15:10 All right, moving onto the last part, which is about model operations. Model operations is really about automating all the maintenance of around the deployed models. So creating alerts, being aware that something is no longer working as it should. Integrating the models into other pieces of your IT infrastructure. This is really what this next section is going to beabout.
15:35 So lets just jump right into this. Yep, we have seen this before. Let’s move over to the alerts tab here and you can see that I’ve already created three different alerts here. The first one is the drift alert. If this drift is greater than let’s say 8% for the last week and I check this once per day, then that sends an email to data scientist number seven. And the same is true for error alert. Or if you have less than a hundred scores and on any given day, then again, you send up an email. Whenever an alert is triggered, we can see what has been triggered down here until we acknowledge this.
16:08 So at this moment this explains why we have the seven alerts here. If I, for example, acknowledge all of them then this KPI would actually go back to zero here and everything is green. So let’s go back to our alerts and let’s trigger a new one.
16:25 Check now. This error alert will be checked at this moment. Is the error rate higher than what was it? 4%? Yes, it was almost 7%. Okay, so this has triggers and I can just check my email inbox here, or actually it’s in fact data scientist number seven email inbox and I will get notified. So this is about alerts, integrations is equally as simple. You could see the URL for the rep service here. I run this on a local server right now. And you can test this for some of those values. You just test the, the web service here. What is nice, I get all the results here in JSON, but we support actually more than 30 different formats here.
17:07 So we can change this if you like.

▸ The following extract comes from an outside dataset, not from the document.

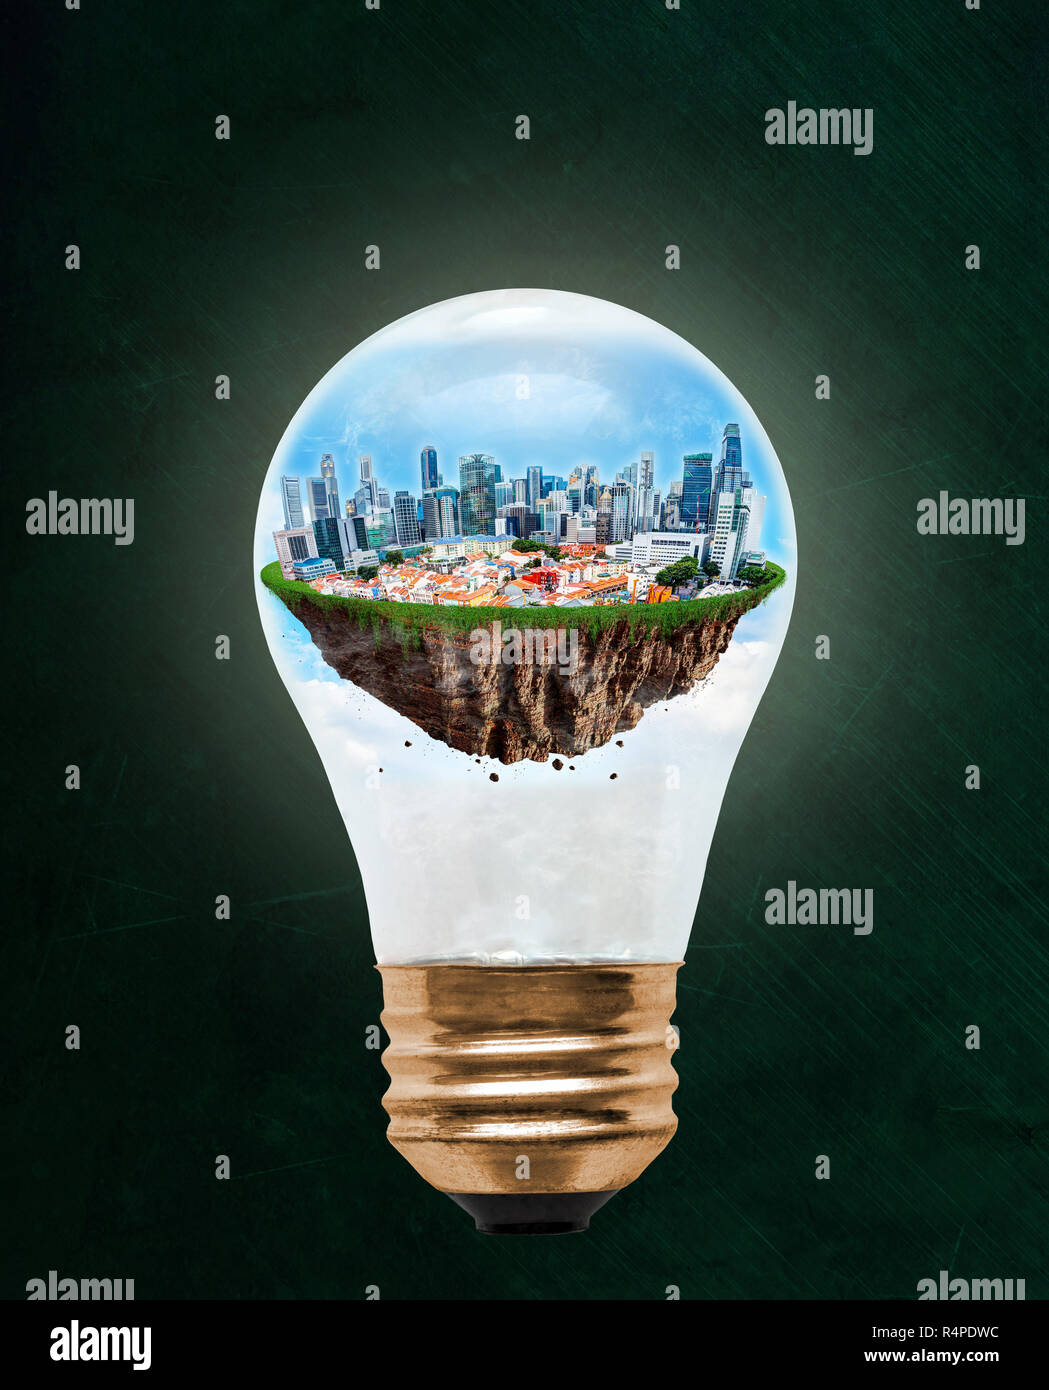 Città galleggiante di Singapore all'interno della lampadina con copia spazio. Concetto di eco-friendly, efficiente nel consumo energetico città e idea di conservazione ambientale in Foto Stock

As you get all this information here, we even can de-activate the deployment and that means the representative would still respond, but it gives you a proper error message telling the either the system integrating this web service that currently the deployment is deactivated. And then there’s the second web service here for defining the actuals.
17:30 And with that I would like to wrap this platform demonstration. We really managed to do a full project on flight delays. It’s a full AI project. We learned a lot about our data and we created a predictive model. We put it into production, we managed this model. You saw, it’s all very simple but it’s also at the same time stays very transparent.
17:50 And I said it before, RapidMiner is the only platform supporting everything from data prep, automated machine learning, down to model ops, in this augmented and automated way. But there is this whole other piece to the platform that you can actually see what exactly has happened in, in with those annotated processes, which comes in very useful and it’s often very important also for compliance reasons. Thanks for staying with me whole hour here and I hoped you enjoyed it as much as I did. Thanks.